The pack is back in school.
We had a rather smooth run for the first day, considering the rain, and the fact that Four's van went to pick him up at our old house. He is bused to a private school, and despite the fact that I've called my district every year for the past three years to tell them we've moved, every September the bus goes to the wrong house. When I'm done smiling in the silence, I'm going to call them again and wait on the line, listening as they type the new address into their records.
I am always excited at the start of the new school year. I imagine all the projects I will complete in the six hours I am alone each day. I devise new operating systems, which will miraculously correct all the mistakes we had running the family during the previous year. These usually focus on getting everyone to do their homework without me screaming. I peruse new cookbooks, and plan the crock pot meals I will make while the kiddies are busy learning. I debate whether I should get on the elliptical before or after I write.
I am hopeful.
Usually, by the end of the week I'm exhausted, the house is in complete disarray, the tables are buried under a mound of forms, and I'm already negotiating with two of the kids to get them back to school the next week.
Just for today, though, I am ignoring reality.
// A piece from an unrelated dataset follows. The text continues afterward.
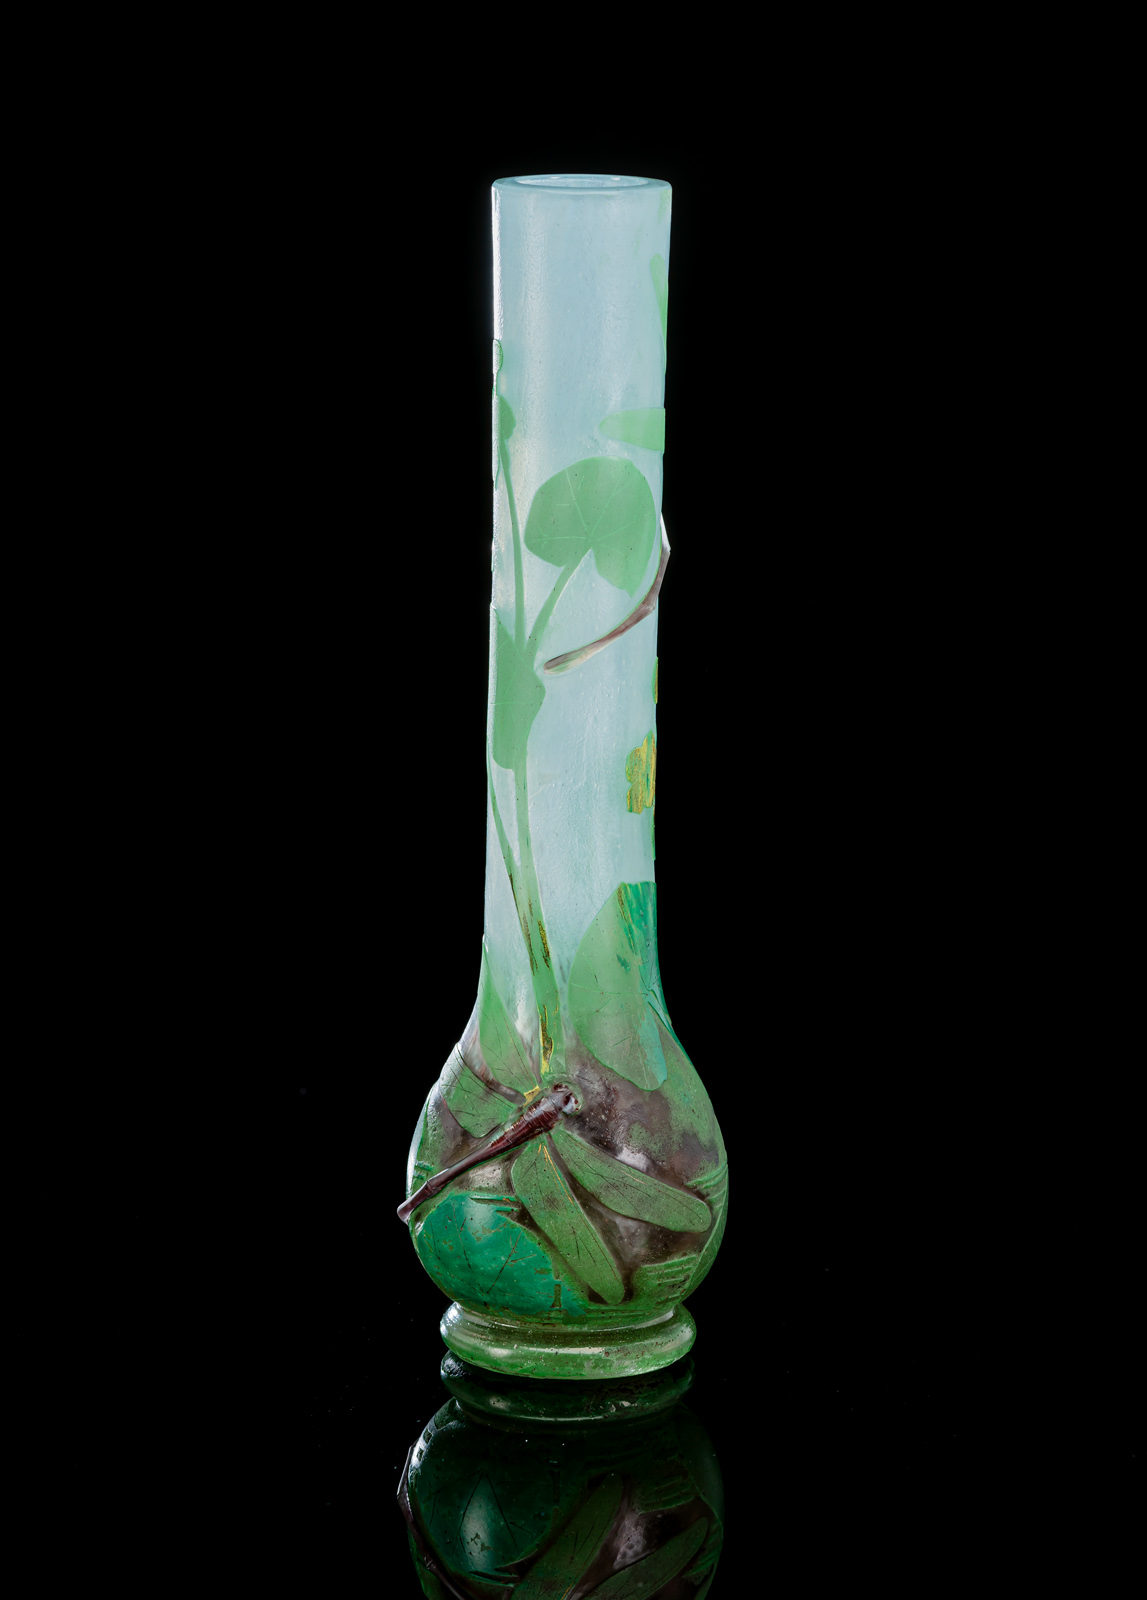 Farbloses Glas mit hellblauen, grünen und manganfarbenen Pulvereinschmelzungen, grün überfangen. Geätzter Dekor von Sumpfblumen, zwei aufgelegte Libellen. Am Boden Ritzsignatur

I'm drinking my coffee and avoiding the messy kitchen, because when I finish this post, I'm going to hit the Documents button on my laptop, and go back to the book. Julie's daily draw card said Believe in yourself, for you have the ability to materialize your dreams! I took it as a sign, helping me prioritize. I am the only person who can finish the manuscript. My remaining projects can be completed with help from others, but not the book. So, that's what I'm going to focus on this week.
I am hopeful.
And it's not because I hate the elliptical.
Are you working on something? Do you wish you were?